Выбрать главу

Откуда у матери столько сил, чтобы выскоблить стол? За белый выскобленный стол она будет держаться до последнего.

«Пока свет в глазах не померкнет…»

Руки у матери покрасневшие, в трещинках. Вижу, они застыли на столе в ожидании. Сидя за выскобленным матерью столом, чувствую какую-то неловкость. Под конец не знаю, куда мне деваться. Хоть сейчас вставай и отправляйся в Ригу. Нет, это мальчишество, буду сидеть с ними сегодня, пока сами не отпустят. Они поднимутся из-за стола, тогда встану и я.

Господи, ведь я люблю этого долговязого, измученного болезнью старика!

Внезапная и запоздалая провиденция… Объясни, пожалуйста, милый, значение слова «провиденция»? Откуда оно ко мне прилипло? Это нечто вроде прозрения?

Сыновняя любовь к отцу… До слез больно, что она пришла так поздно.

«Ни в какие ворота не лезет!»

Очки у него сползли на самый кончик носа, смотрит на меня стариковскими вылинявшими глазами. А ведь таким когда-то был молодцом.

— Мне всегда легко, потому что умею жить без оглядки! — говаривал он частенько. — Не было счастья, так несчастье помогло: мельница сгорела, теперь, пожалуй, с чистой совестью могу в колхоз записаться!

Если бы он мог жизнь повернуть вспять и начать все заново от той самой точки? Дал бы он Балиню мешок муки?

Мать уверяет: вся хворь и прочие напасти у отца начались с того погорельного дня. «В тот день» у него все внутри заледенело.

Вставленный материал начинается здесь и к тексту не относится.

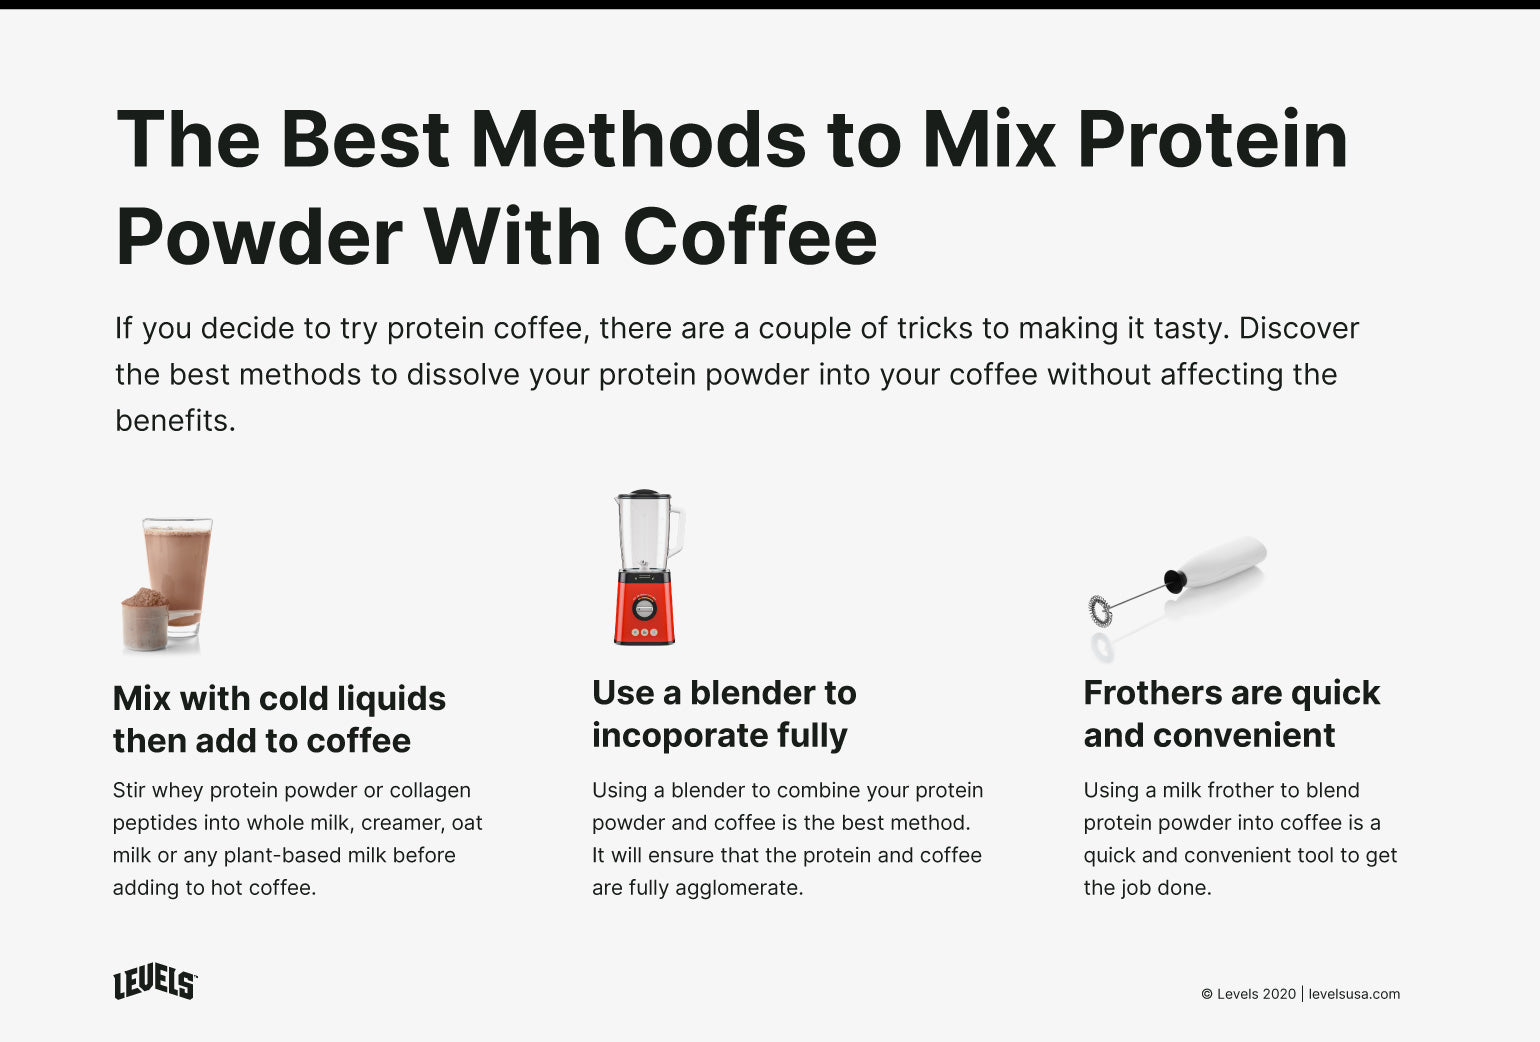 How to Mix Protein Powder with Coffee - Infographic
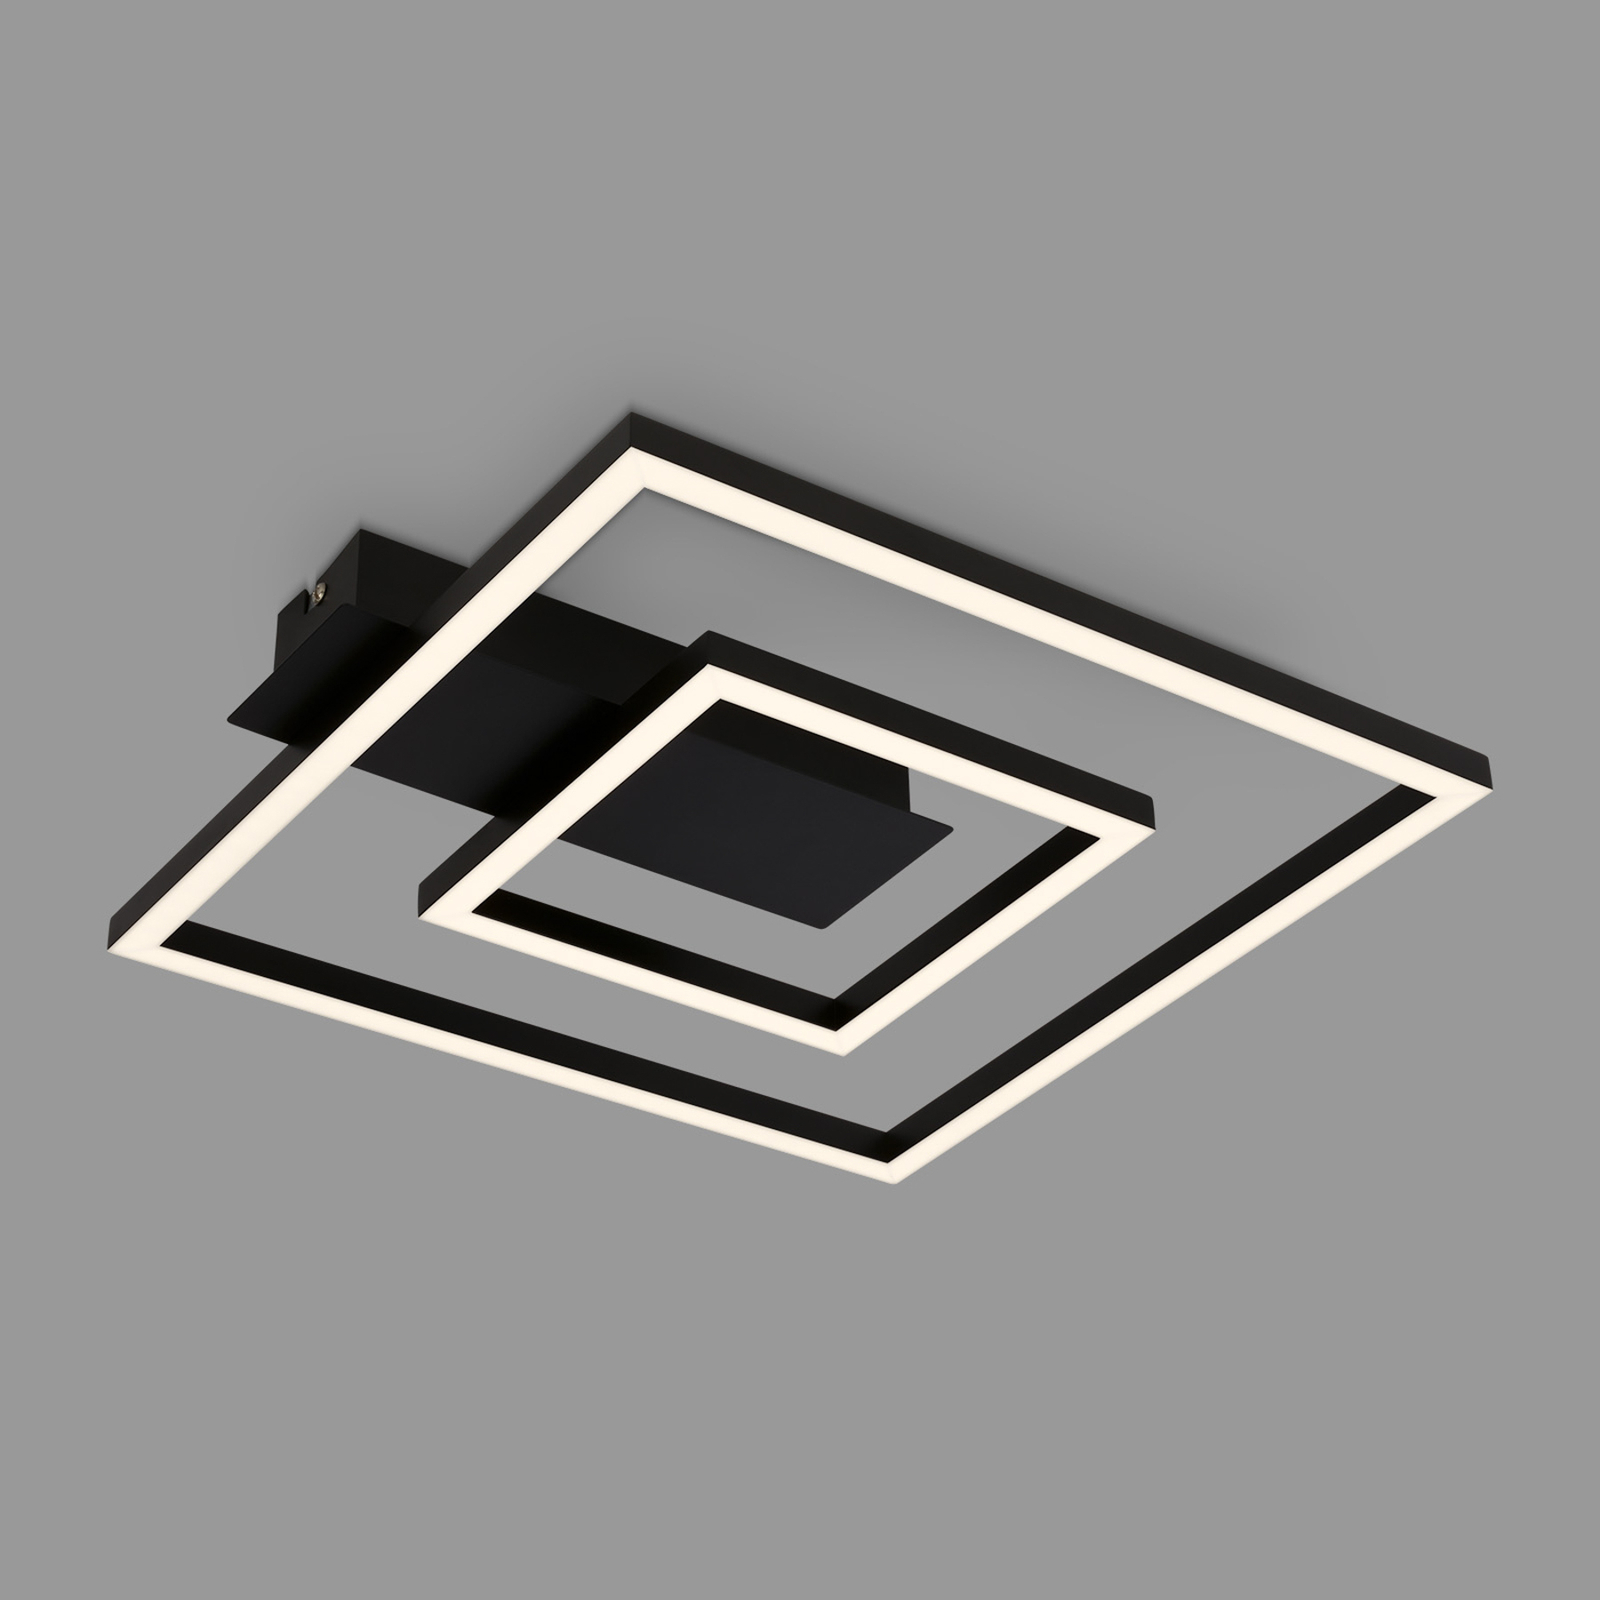 3772 LED ceiling light with two frames, black

Потом оттаивал с помощью водки.

Глупости, человек сильнее, чем сам о себе думает!

Человек хрупок, как тростинка, вмиг переломится, если грубо прикоснуться…

Можно ли сломить человека, словно прутик на дороге?

Надавил — и нет его, подавай следующего!

Человеку велели заложить руки за голову и встать к стенке. Жаждой измученный африканец, голодом измученный… Ежеминутно рождаются, умирают, с жестокостью убивают и в муках рождают — в стерильных клиниках, в хижинах из пальмовых листьев, в сумрачных крестьянских избах, в юртах, на кораблях посреди океана…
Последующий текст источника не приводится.